En quittant l’église, elle se sentit plus sereine. Le bébé pouvait venir au monde. Elle l’avait confié à saint Martin et elle était à présent certaine qu’il serait beau, fort et pur de tout mal. Aussi fit-elle largement aumône aux mendiants qui sollicitaient sa charité, heureuse d’entendre les bénédictions dont ils la couvraient et les vœux qu’ils formaient pour sa maternité.
Au bras de Léonarde, elle s’attarda un instant à suivre les évolutions d’un baladin qui voltigeait sur une corde tendue entre deux piquets. Le garçon était jeune, souple, souriant et, dans son costume bariolé, il ressemblait à une flamme voletant dans l’air par la volonté d’un invisible magicien.
– Si vous voulez faire des achats, il faut nous hâter un peu, conseilla Léonarde. Allons rejoindre Florent.
En s’approchant de l’endroit où l’on avait laissé les mules, les deux femmes virent que le jeune homme était en train de causer avec un étranger. Ceux-ci n’étaient pas rares à Tours, comme dans les autres lieux saints, mais l’interlocuteur de Florent présentait un aspect assez particulier pour attirer l’attention. Long, maigre et même osseux, son visage en lame de couteau montrait un teint bronzé et des yeux noirs de Méditerranéen. Son costume était celui d’un marchand aisé, mais il avait certaine façon de porter machinalement la main à sa ceinture, comme s’il y cherchait le pommeau d’une épée, qui frappa Fiora.
En les voyant approcher, il salua profondément les deux femmes, adressa un au revoir désinvolte, du bout des doigts, à Florent, puis se perdit dans la foule.
– Qui est cet homme ? demanda la jeune femme.
– Un marchand. Il est venu acheter ici des soieries, mais ce qui est amusant, c’est qu’il est de vos compatriotes, donna Fiora.
– C’est un Florentin ? Il me semble que si je l’avais déjà vu je m’en souviendrais !
– Non. Il n’est pas de Florence mais d’une autre ville dont j’ai oublié le nom. Ne me demandez pas non plus le sien, je l’ai mal compris et serais incapable de vous le répéter...
– C’est intéressant, fit Léonarde goguenarde. Pouvez-vous au moins nous dire ce qu’il voulait ?
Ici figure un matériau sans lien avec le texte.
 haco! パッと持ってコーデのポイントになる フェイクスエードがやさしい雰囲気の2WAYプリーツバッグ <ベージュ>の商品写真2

– Oui. Il a remarqué la beauté de nos mules et souhaitait en acheter une pour remplacer celle que la maladie vient de lui enlever. Vous pensez bien que j’ai refusé sans lui laisser le moindre espoir. C’est pourquoi il s’est éloigné en vous voyant approcher, afin sans doute de ne pas être importun.
– Ce qui suppose une grande délicatesse, fit Léonarde. C’est curieux, mais je trouve qu’il n’a pas une tête à cultiver de tels scrupules.
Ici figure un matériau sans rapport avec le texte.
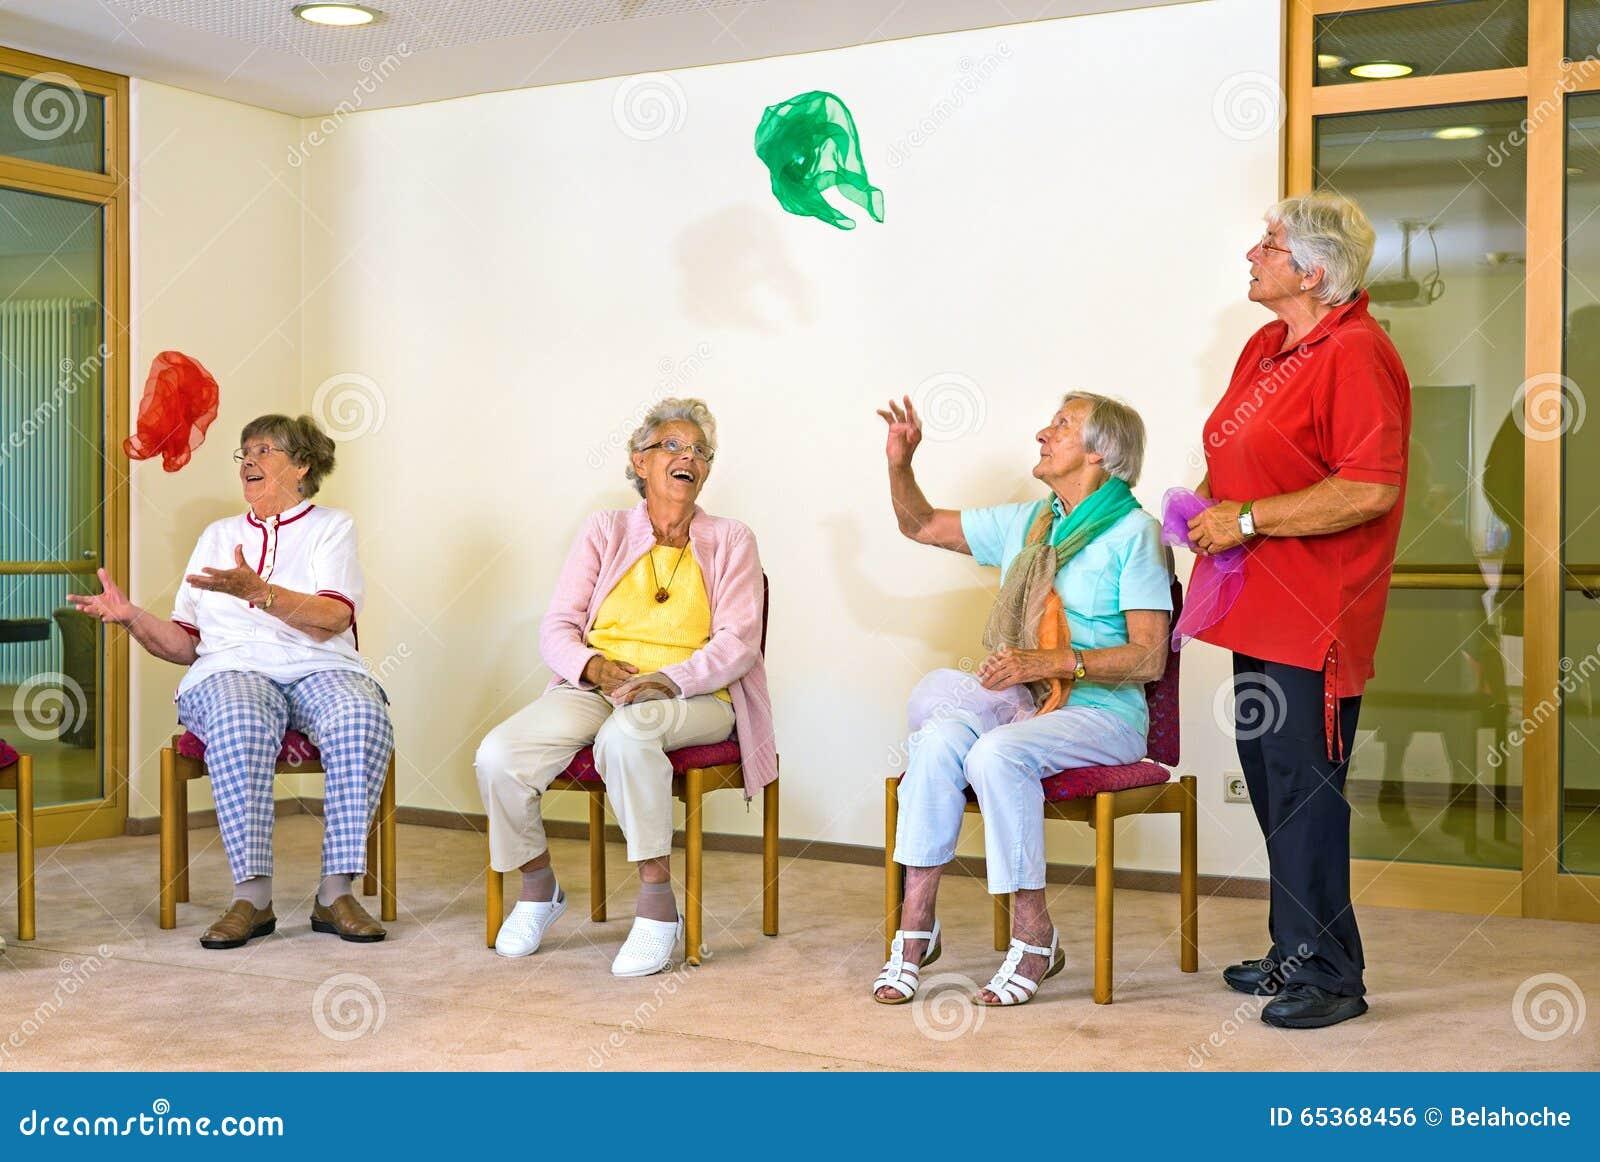 Ευτυχείς ηλικιωμένες κυρίες σε μια γυμναστική

Fiora, elle, ne dit rien. Elle n’avait pas aimé le regard que l’inconnu avait posé sur elle. Il ne ressemblait en rien à ceux auxquels l’avaient habituée les autres hommes. Aucune admiration là-dedans, aucune douceur, mais une cruauté froide jointe à une expression triomphante qui lui avait fait froid dans le dos. C’était comme si, sortant d’un lieu de lumière, elle s’était trouvée soudain en face d’un abîme au fond duquel rampaient des bêtes imprécises.
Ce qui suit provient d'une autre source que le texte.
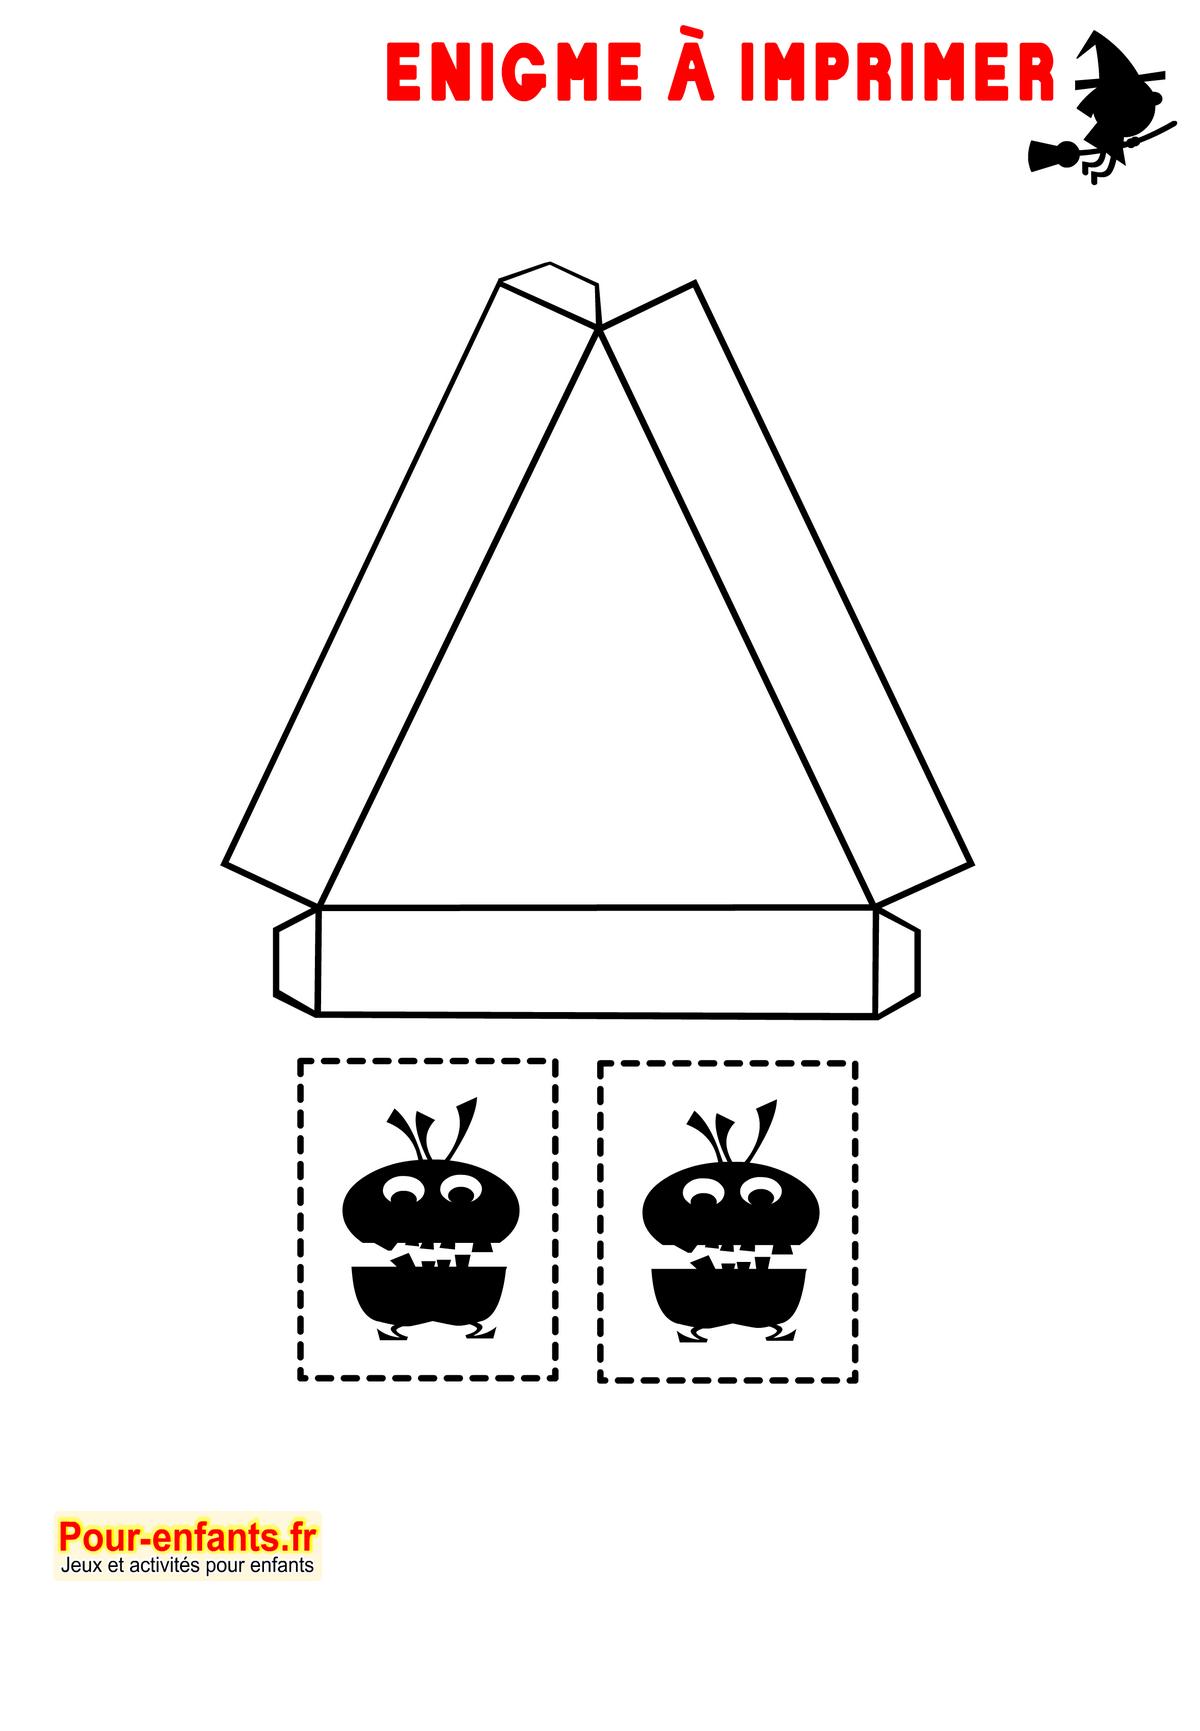 Enigmes Idées Activités Jeux À Imprimer Halloween Bricolage encequiconcerne Jeux D Halloween Gratuit

– Vous êtes toute pâle ! remarqua Léonarde tout de suite inquiète. Voulez-vous que nous rentrions ?
– Non, non, cela va très bien ! Je ne veux pas repartir sans avoir fait mes emplettes.
L’impression pénible disparaissait d’ailleurs dans la chaude lumière du soleil et dans la gaieté générale. Les cloches déversaient sur la ville un carillon plein d’allégresse et Fiora adorait le son des cloches : elle attribua vite ce qu’elle venait d’éprouver à un surcroît de nervosité dû à sa grossesse, et ce fut assez joyeusement que l’on reprit les mules pour parcourir la Grand-Rue qui traversait la ville d’est en ouest sur toute sa longueur, de la porte Billault ou porte d’Orléans à la porte de La Riche.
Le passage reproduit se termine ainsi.